The Empire of Signs was written after Barthes' visit to Japan in the late 1950s and in reaction not to Japan itself but to the Japan Barthes read from the signs surrounding him. He is said to have been amused of being in a country where he could not read anything written, and where everything was a multitude of symbols for him to observe. The Japan Barthes write is a Japan without center - endless periphery surrounding and empty central space of unreadable text.

Japan is to Barthes a semiotic paradise, a land of empty signs. Everything is a symbol, not for something, but for either another symbol, or for emptiness. Because of his decision to write his perceived Japan, Barthes is able to define it as it pleases him and in accordance to this idea of an empty center. (He carefully differentiates between the "real" Japan and the Japan he writes about, his interest lies only in this latter perceived Japan.)

The most quoted example is his description and reading of Tokyo; a city with an empty (or sacred) center where the unseen Emperor lives. This city is the opposite of the concentric ordered Western City; movement in Tokyo is avoiding the center, not drawn into it. He sees the same logic applied to orientation on the street, there are no (for Barthes) usable numbering of the houses, instead addresses are given as street intersections, by references to signs or landmarks. In the west numbering of the houses suggests a direction or progression along the street, not so in Japan. In order to move about the city the visitor must write his own system of signs onto the scene of the street, it is the reader-as-author once again.

He notices the same empty center wherever hi directs his attention; in Japanese aesthetics where the empty canvas/paper is a large part of what is seen, in poetry; Haiku is to Barthes a way to Zen nothingness, beyond God and beyond the ego of the author; "vision without commentary". Zen Buddhism is of course easily adapted to this hunt for the signifier without signified. Even eating is without center or meaning; the Japanese dinner is fragmented and ornamental, and without the centerpiece so common to western cuisine. He describes Japanese cooking as "the twilight of the raw".

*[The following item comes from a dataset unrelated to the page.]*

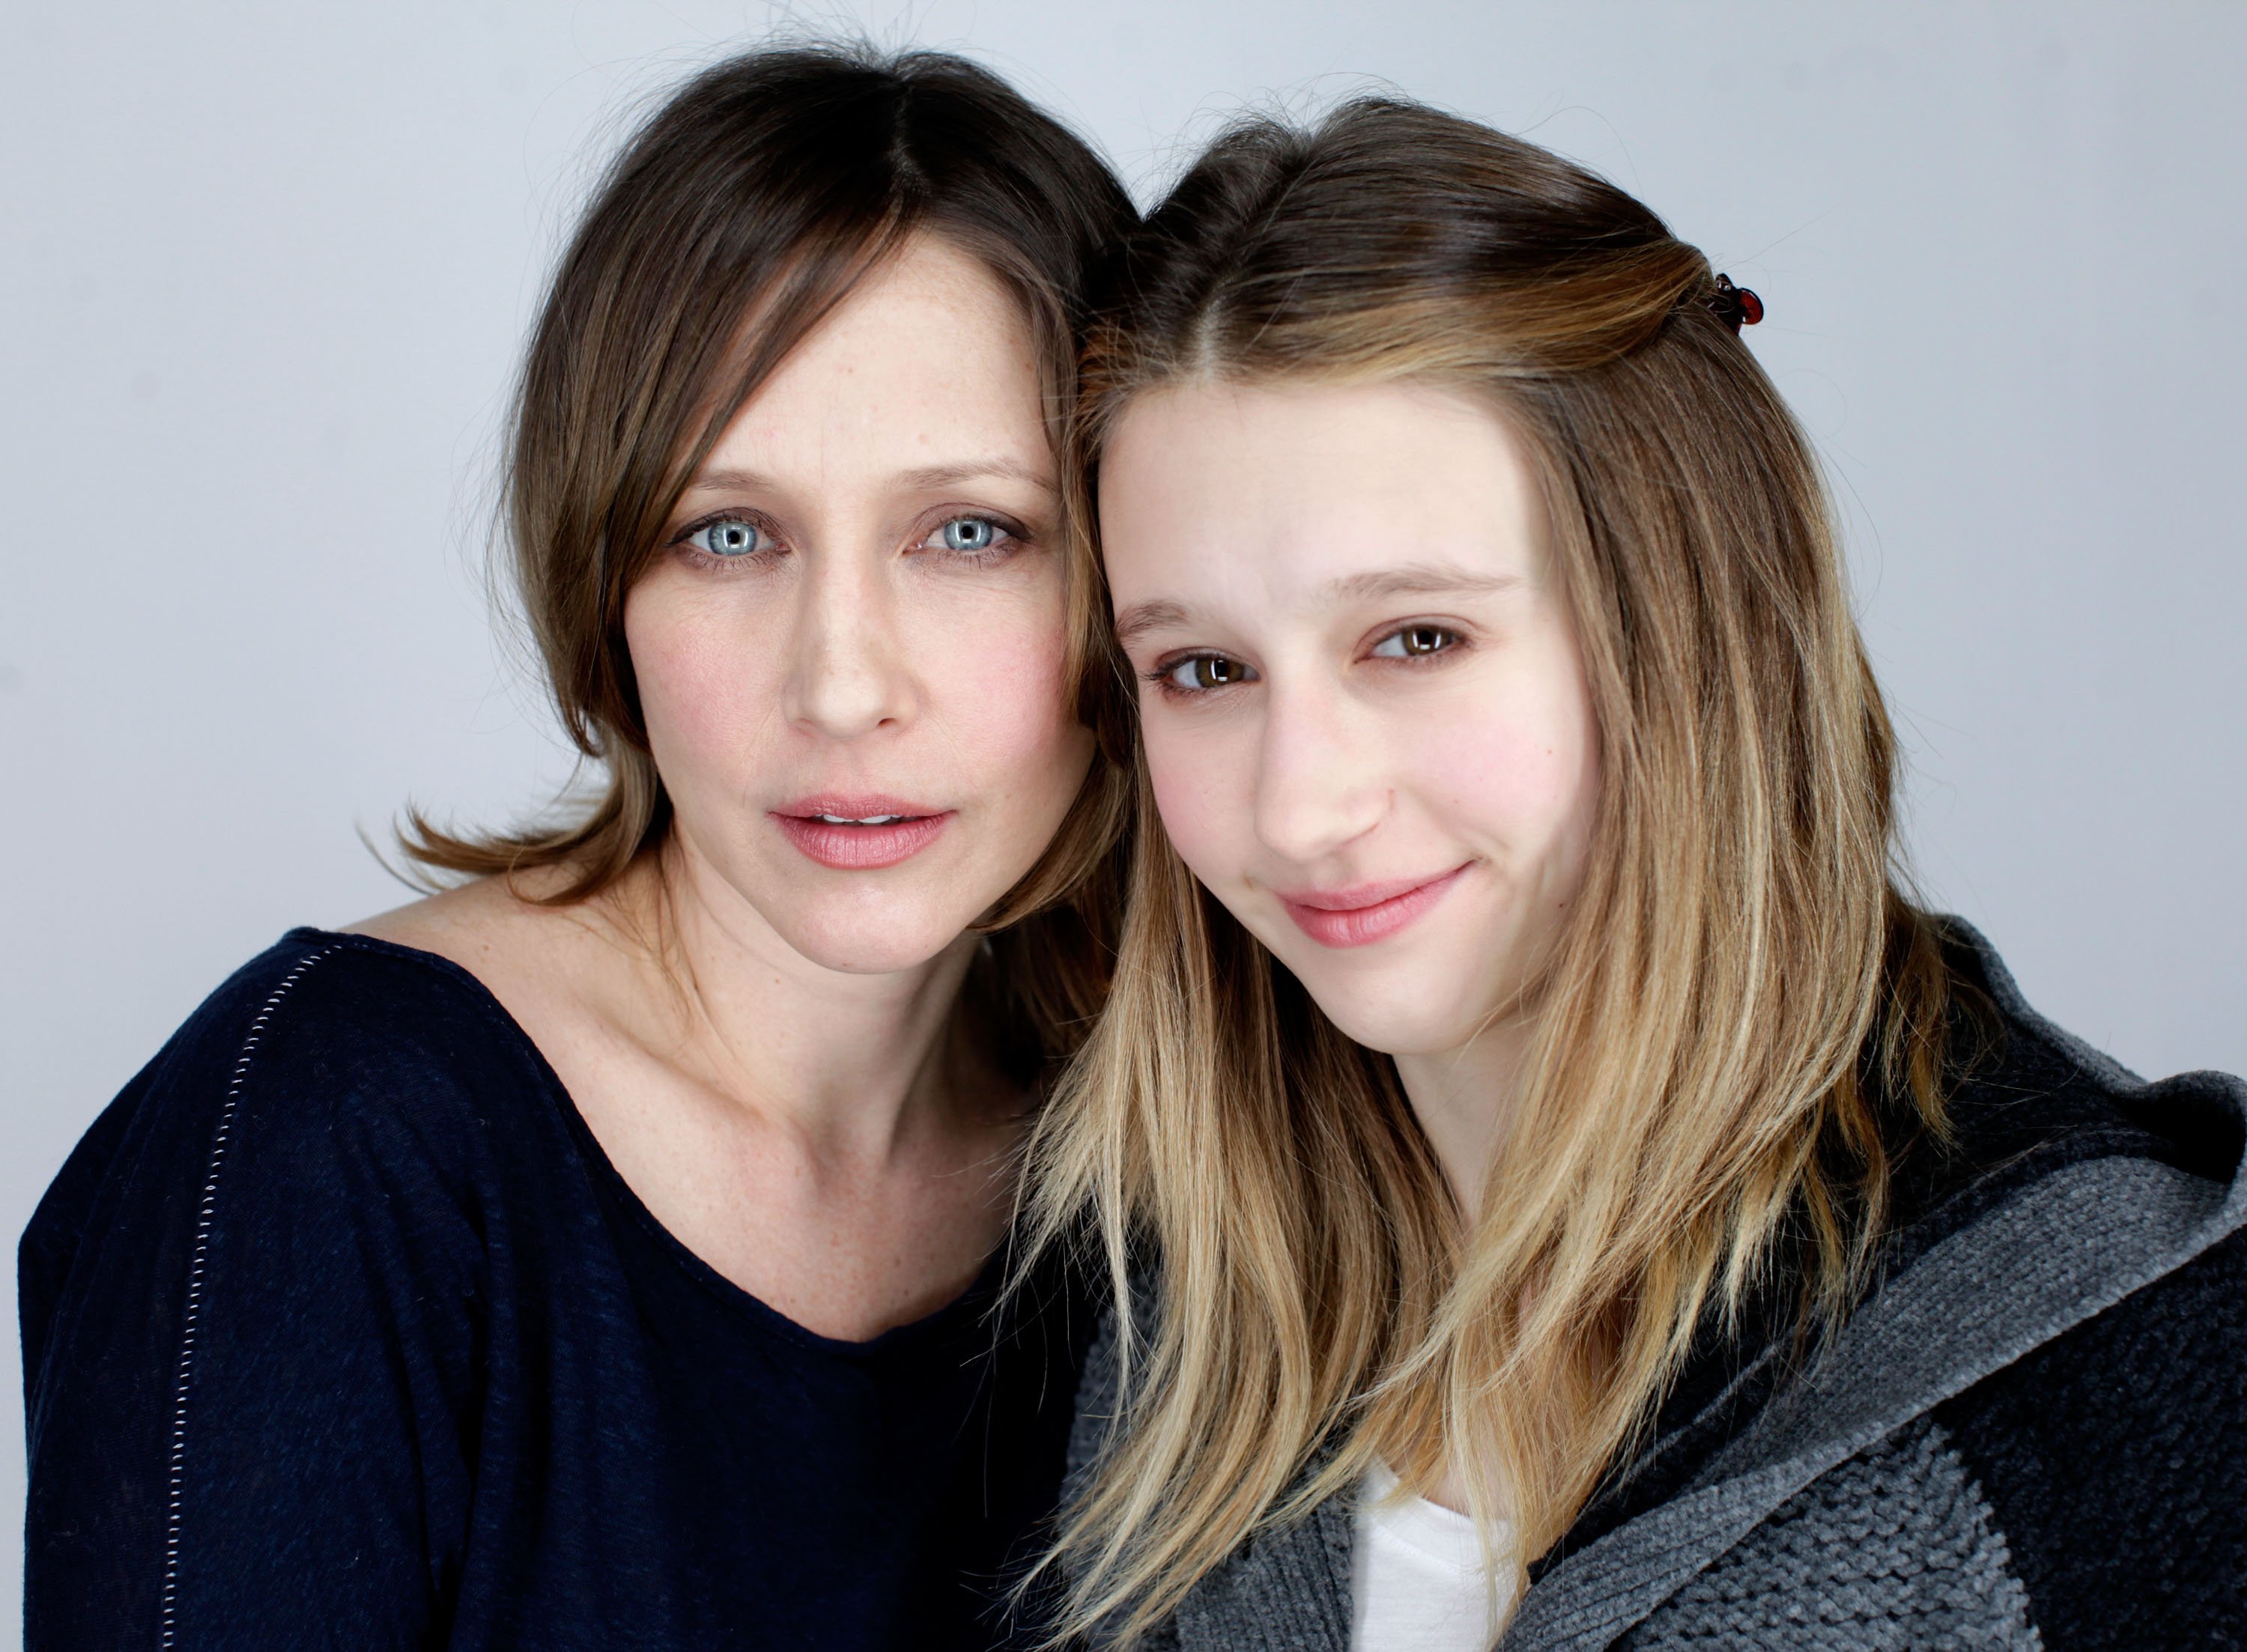 Director/actress Vera Farmiga (L) and actress Taissa Farmiga pose for a portrait during the 2011 Sundance Film Festival on January 24, 2011, in Park City, Utah. | Source: Getty Images

And of course there is a similar empty center in the text Empire of Signs, a story not told and kept secret from the reader, only to be decoded much later; namely Barthes visits to all male brothels in Tokyo. His own homosexuality is in this and many texts to follow yet another layer of secret signs, an empty space in the center of the author of the text. Thus the personal sneaks in into the theory, and it would continue to do so, thereby allowing Barthes a departure from formal semiotics, to pursue reading as an act of pleasure.

"(...) I perceive the conjunction of a distance and a division, the juxtaposition of fields (in the rural and visual sense) simultaneously discontinuous and open (patches of tea plantations, of pines, of mauve flowers, a composition of black roofs, a grillwork of alleyways, a dissymmetrical arrangement of low houses): no enclosure (except for very low ones) and yet I am never besieged by the horizon (and its whiff of dreams): no craving to swell the lungs, to puff up the chest to make sure of my ego, to constitute myself as the assimilating center of the infinite: brought to the evidence of an empty limit, I am limitless without the notion of grandeur, without a metaphysical reference. (...) One might say that an age-old technique permits the landscape or the spectacle to produce itself, to occur in a pure significance, abrupt, empty, like a fracture. Empire of Signs? Yes, if it is understood that these signs are empty and that the ritual is without a god. Look at the cabinet of Signs (which was the Mallarmean habitat), i.e., in that country, any view, urban, domestic, rural, and the better to see how it is made (...)"
(Barthes, "The Cabinet of Signs" in The Empire of Signs)

"The Japanese readers immediately feed the distance that he tries to keep from Japan in Empire of Signs serves. As Hidé Ishiguro shows in “The idea of the Orient,” Barthes’ attempt of interpreting Japan is intellectual stimulating, perhaps, especially to the Japanese. It is precisely because it was not intend to be read by the Japanese."